Inspection can be classified according to who is responsible for the activity; there are usually many levels to this chain. Typically, there may be the inspectors of the project management and engineering team, the quality department of the procured item suppliers and contractors (and, separately, their factory production workers, using inspection as a production control tool), and a chain of sub-component and raw material suppliers and their quality departments.
There may also be superimposed inspection from the plant owner or third-party bodies, sometimes acting within statutory or licensing agency authority. We will disregard the latter as there is usually little choice to be exercised in how their input is applied, and because they relieve the project team of no responsibility. There is however an additional burden in managing the interface with such agencies and of ensuring that documentation and work practices follow their requirements, which should not be omitted when drawing up inspection budgets.
For most project inspection activities, the interests of economy and efficiency are best served by utilizing the internal quality control systems of the suppliers/contractors, and monitoring the control system rather than the end product. Thus standard conditions of purchase should specify the quality management systems required of suppliers/contrac-tors, and the facilities for surveillance of the systems.
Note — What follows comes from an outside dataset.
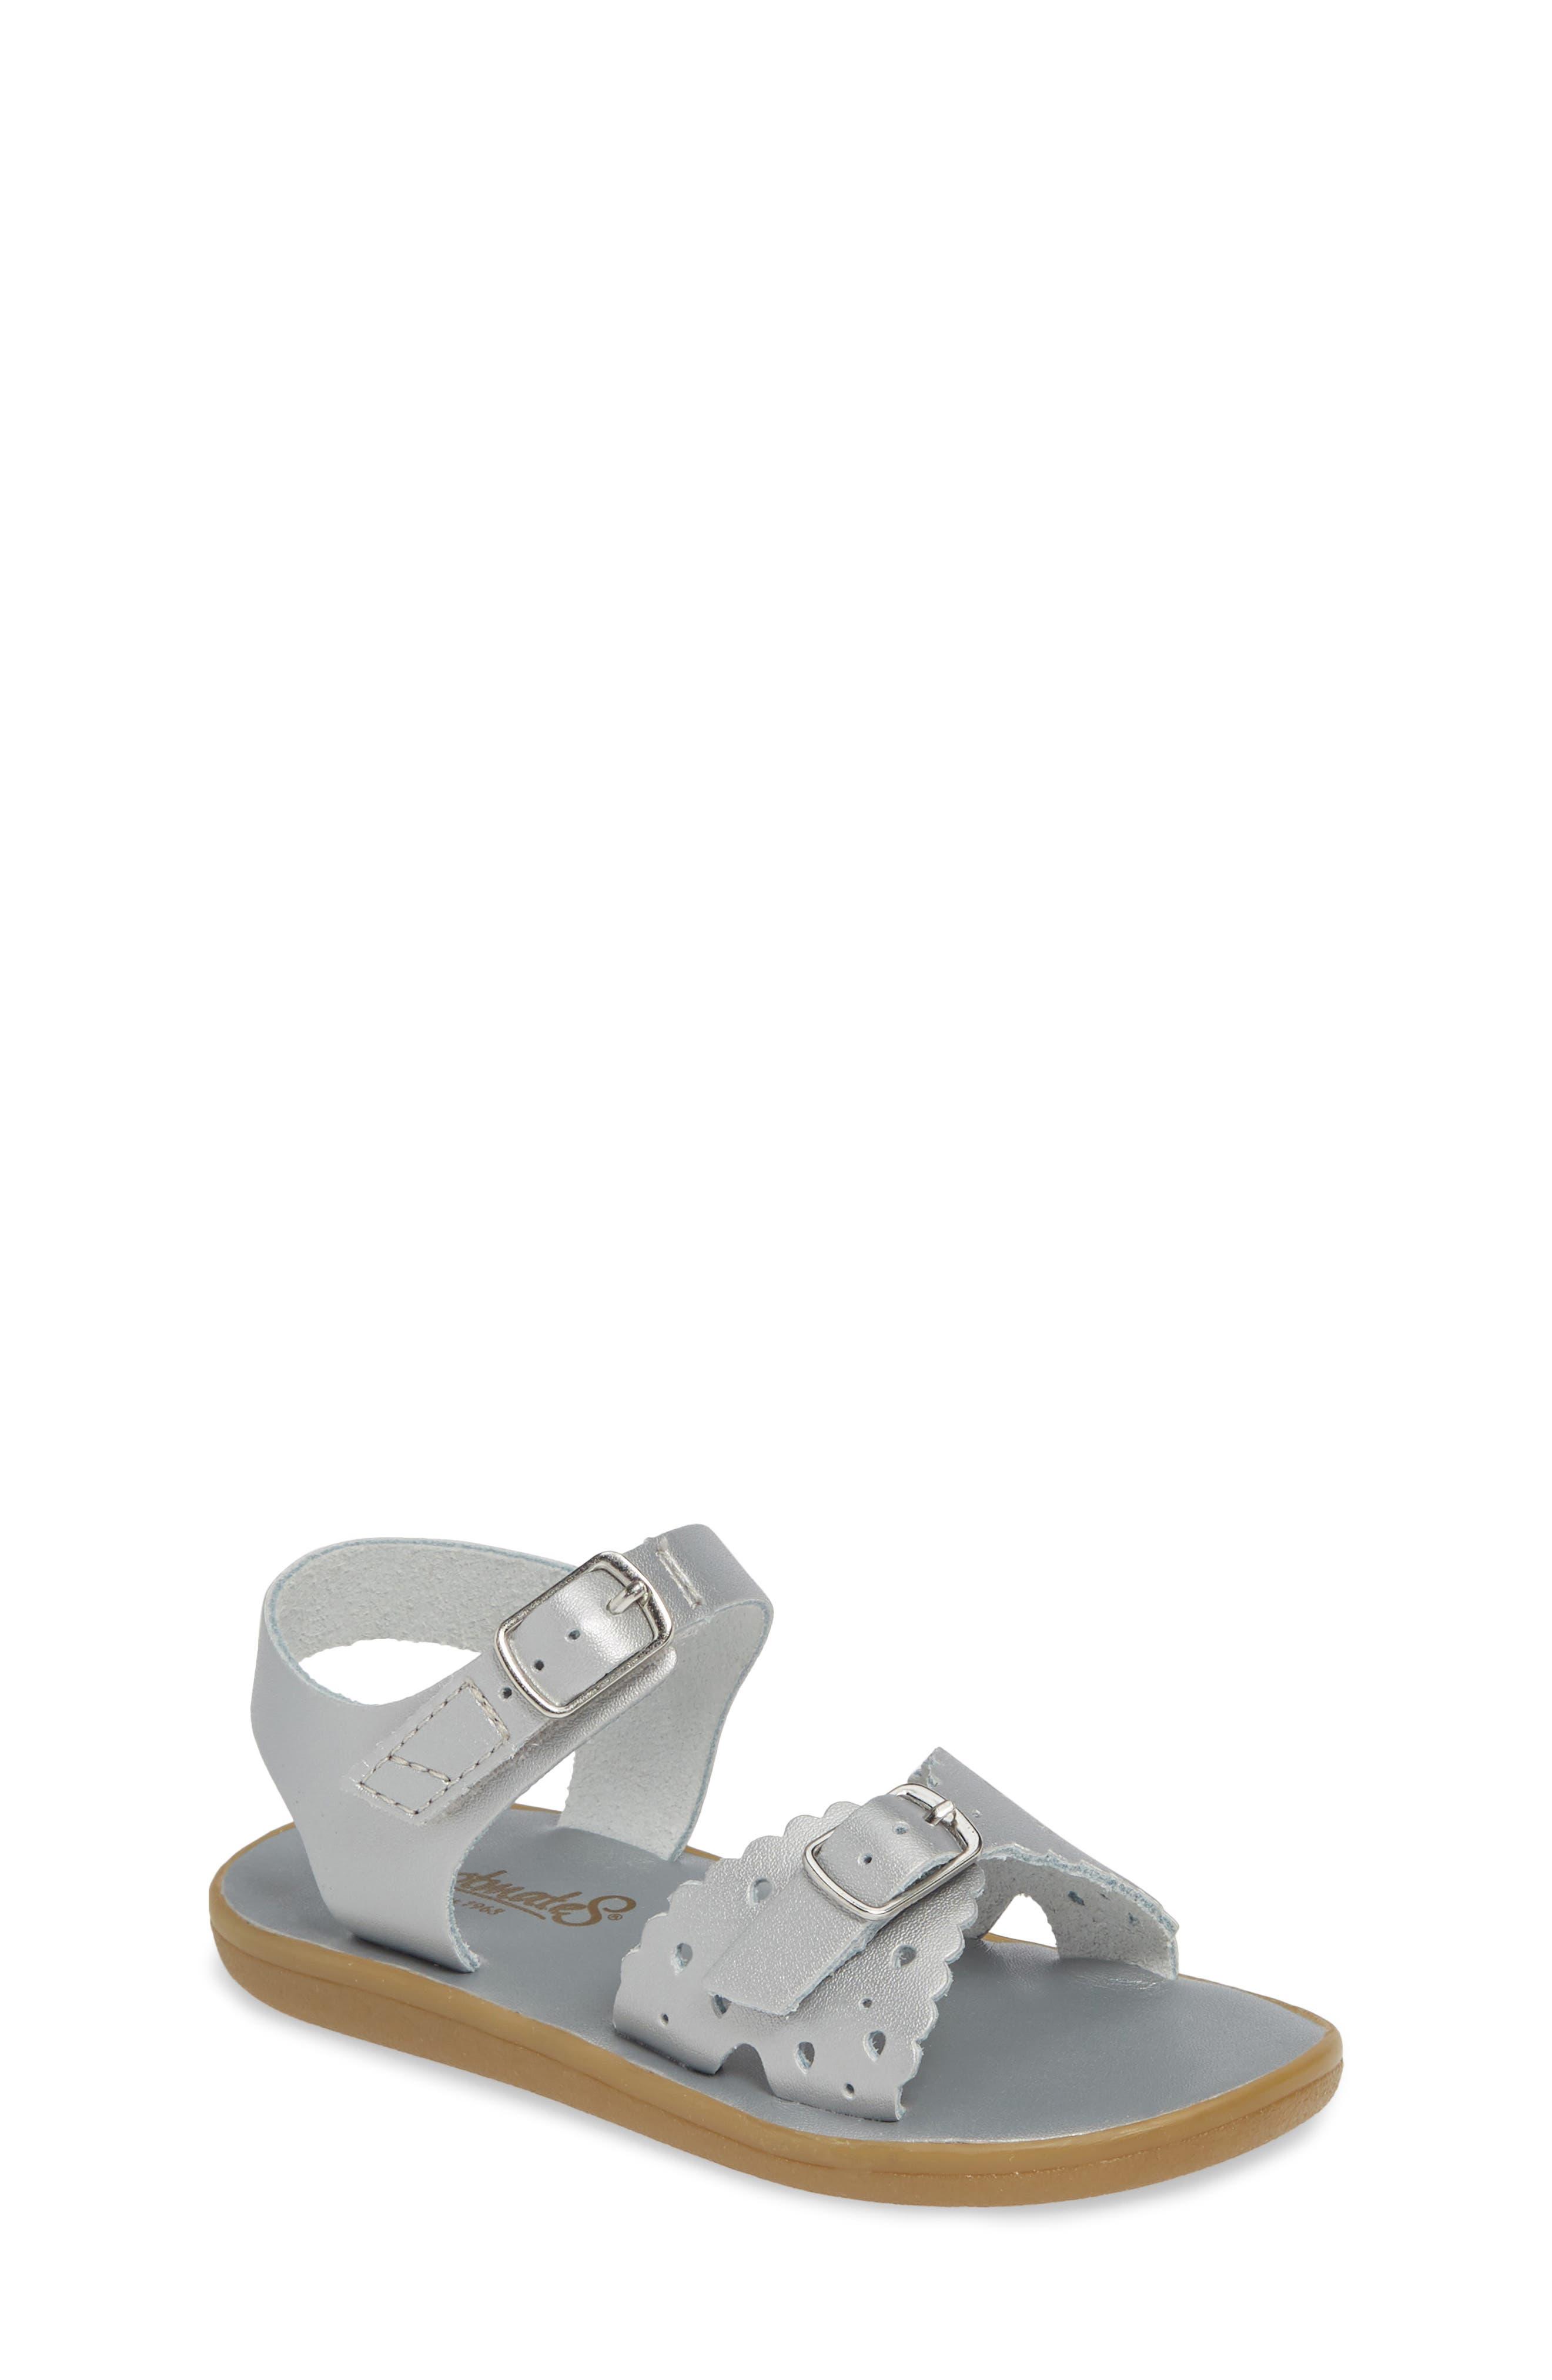 FOOTMATES,                             Arie Waterproof Sandal,                             Main thumbnail 1, color,                             SILVER
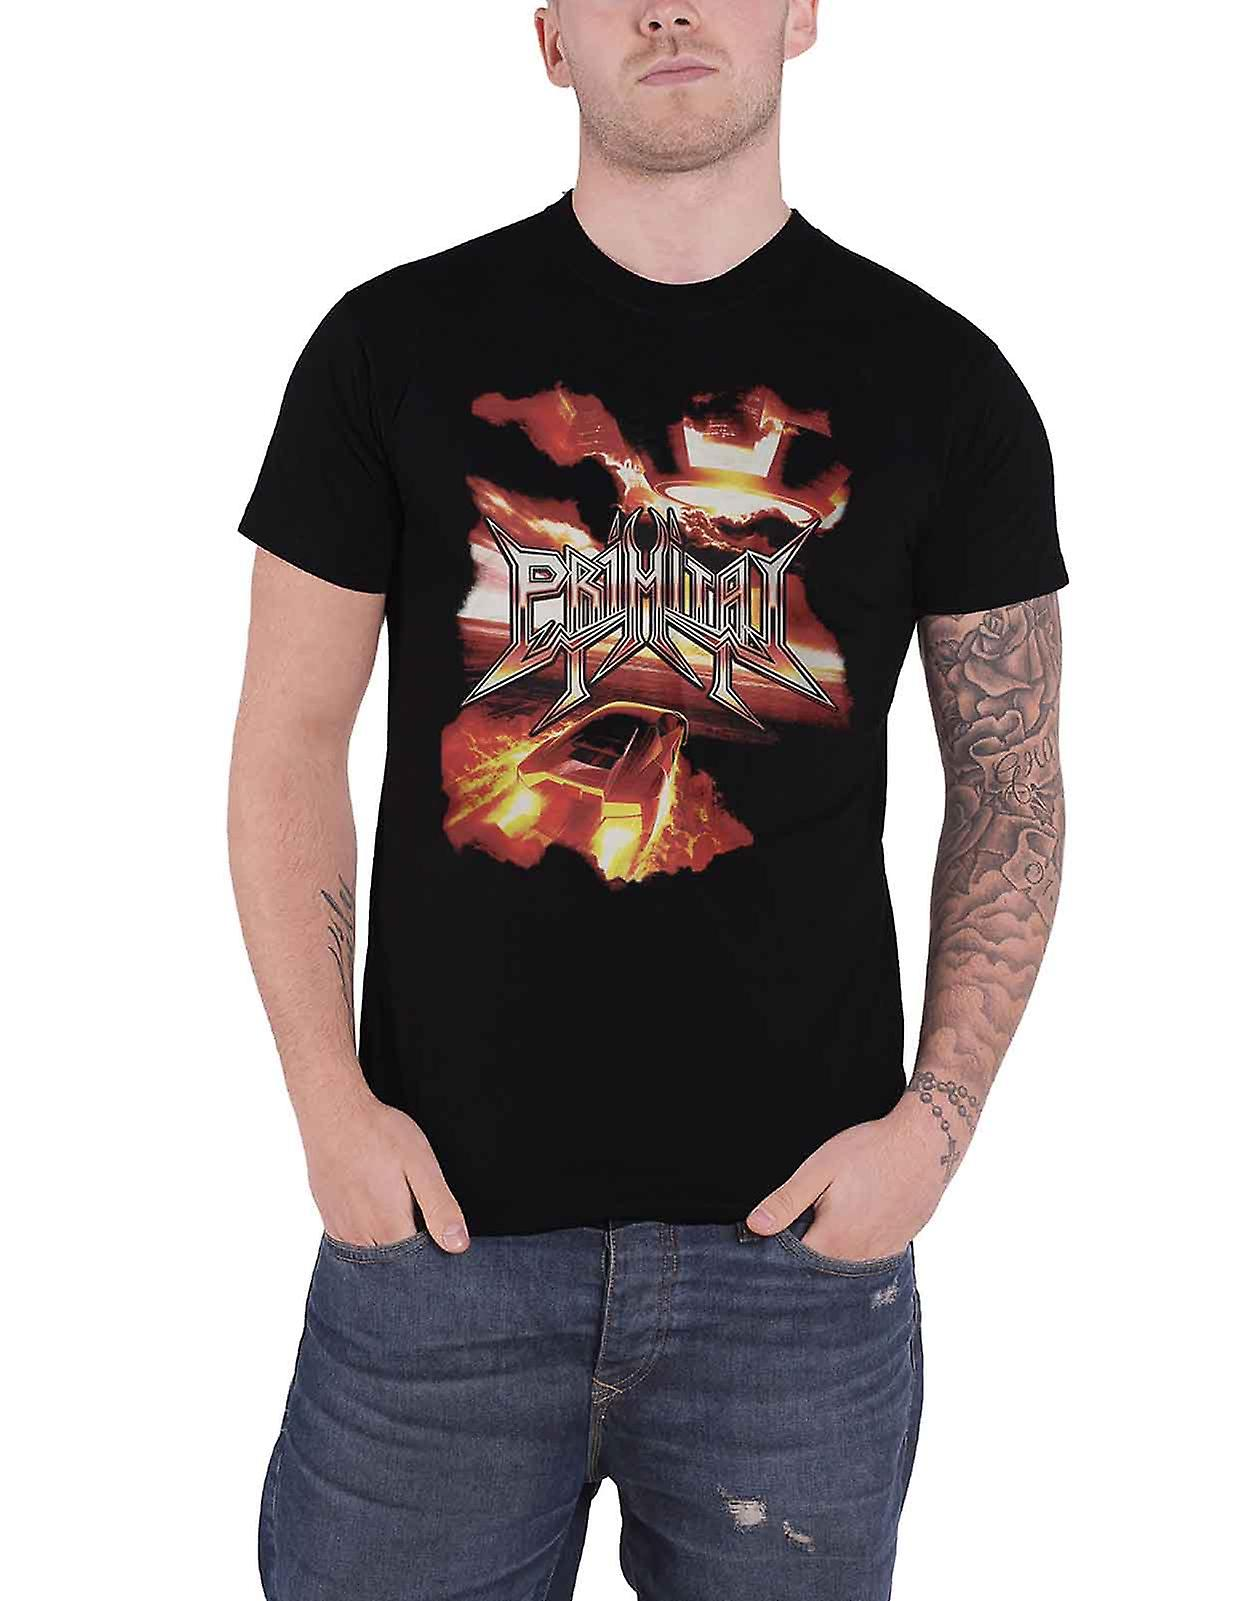 Primitai T Shirt The Calling Band Logo new Official Mens Black

End-product inspection, if carried out by the project team inspectors, should essentially be regarded as a tool for monitoring the effectiveness of the quality control system, and if failures are detected both the system and the end product have to be upgraded. For instance, it is common practice, when specifying sample radiometric inspection of welding work, to require that if detected flaws exceed a certain percentage of samples inspected, the percentage of welds to be inspected, both retroactively and in the future, increases to perhaps 100 per cent. This may continue until such time that the pass rate improves sufficiently, and is all at the contractor’s expense.
The practice of purchasing according to specification, which the supplier is responsible for meeting, allows the buyer to escape the
responsibilities of caveat emptor.5 The buyer’s inspector must be careful to assume no responsibility by the act of inspection, exactly according to the reservations of the buyer’s engineer in the case of design approval.
There is a simple saying, ‘You cannot inspect quality into a product’, which is in fact a half-truth that causes some misconceptions. The intent of the saying is that the quality of a product is primarily a result of the production process. There are several ways that inspection augments quality or, conversely, that inadequate inspection leads to quality deterioration.
• At the most fundamental level, any form of quality control is impossible without inspection. Control of any form depends on a closed loop of inspection and correction.
• As in quantum physics, observing a process changes the process. The performer who is watched jacks up his act, and if he gets into a situation where he cannot cope, any part of his workload which is not subject to inspection tends to suffer first.
• In the case of 100 per cent-inspected product, once all the rejects have been separated the increase in quality rating of the remainder is obvious. Even the rejects can be increased in quality by assigning a new or restricted duty to their usage, and for this revised application the quality may be regarded as adequate.
• In conjunction with adequate record-keeping, inspection facilitates the identification and rectification of problems which may occur over the lifetime service of a component or group of components.
This is especially the case where such problems may arise out of design or specification inadequacy – the existence of the inspection and test documentation has ongoing potential value, rated as essential where the consequences of failure are severe.